First of all, there’s a school supply list. There’s stuff, beyond a pack of pencils and a bookbag, that we have to get for the classroom. Like baby-wipes and band-aids. Like multiple packets of crayons and markers. I had heard the school budgets had been cut, but wow.
How about this? Gone are the days of AM and PM classes. Kindergarten is all day — 9 to 3! Those are banker’s hours! What am I going to do with myself while Morgan tells all of our family business to her teachers and peers (you know she will; volunteering our personal information is her #1 hobby)?
And homework! I hear there’s homework in kindergarten. Who knows what kind of dittos (do they still even have those?) and worksheets she’ll be bringing home. I’m about to order up some “Math Made EZ 4 U” off of Amazon because I am russssss-teeee.
My parents had given me this book when I started school called “School Days.” It’s a little scrapbook that you fill out at the beginning and end of every school year with stuff like the name of your school, your photo, names of your teachers and friends, what you want to be when you grow up, and so forth. Mine is busting apart at the seams. There are little pockets to stick in momentos for each grade and I’ve got Valentines, notes I passed, report cards, all of that junk. I found the 2010 version for Morgan and I wonder how hers will compare to my own over the years.
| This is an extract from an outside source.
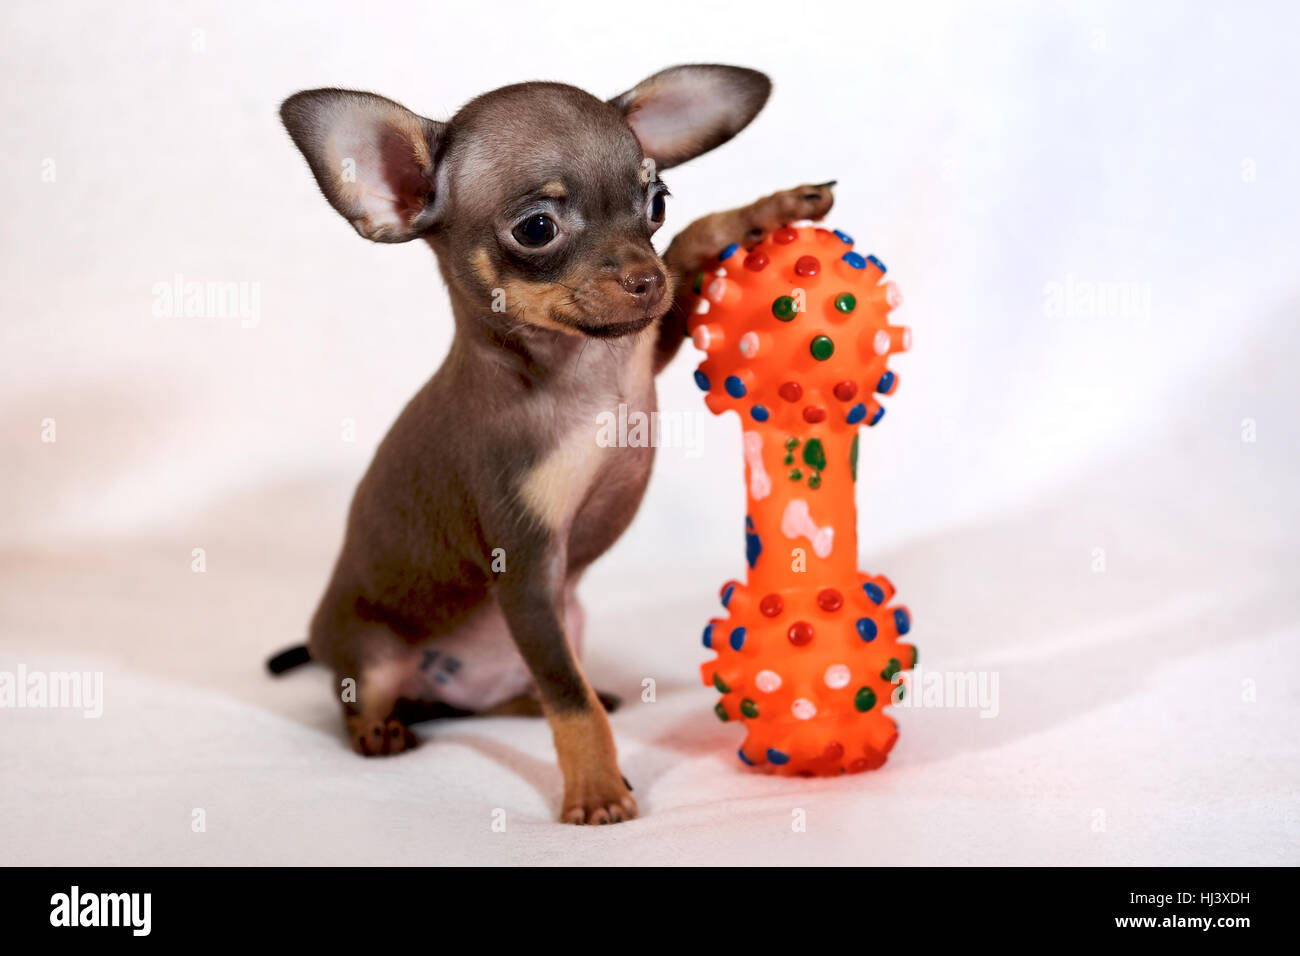 Russian Toy High Resolution Stock Photography And Images Alamy

It’s weird, turning the corner from your childhood/ adolescent self and walking down that adult/parent road. I can already see the first day of school coming: Morgan will slip into the clothes she’s picked out the night before. She’ll slide into her slightly too-big-backpack. We’ll take her picture on the front steps, maybe she’ll even let Coever stand next to her for a frame or two. We’ll walk down to the school and guess what adventures lay ahead. I’ll take her hand from mine to put it into the hand of her teacher, a woman I will eyeball until she understands that I am entrusting her with one of my two greatest treasures. She should conduct herself accordingly.
But I’m getting ahead of myself. It’s the last week of July; there’s plenty of summer left! There are still trips to the beach, to Busch Gardens, to visit the grands. We’ve got playdates to fill up our mornings, arts & craps ::shudder:: to fill up the afternoons, and trips to the ice cream parlor for our evenings.
Back-to-school can wait. The sun is shining, the birds are singing, and we are just getting started.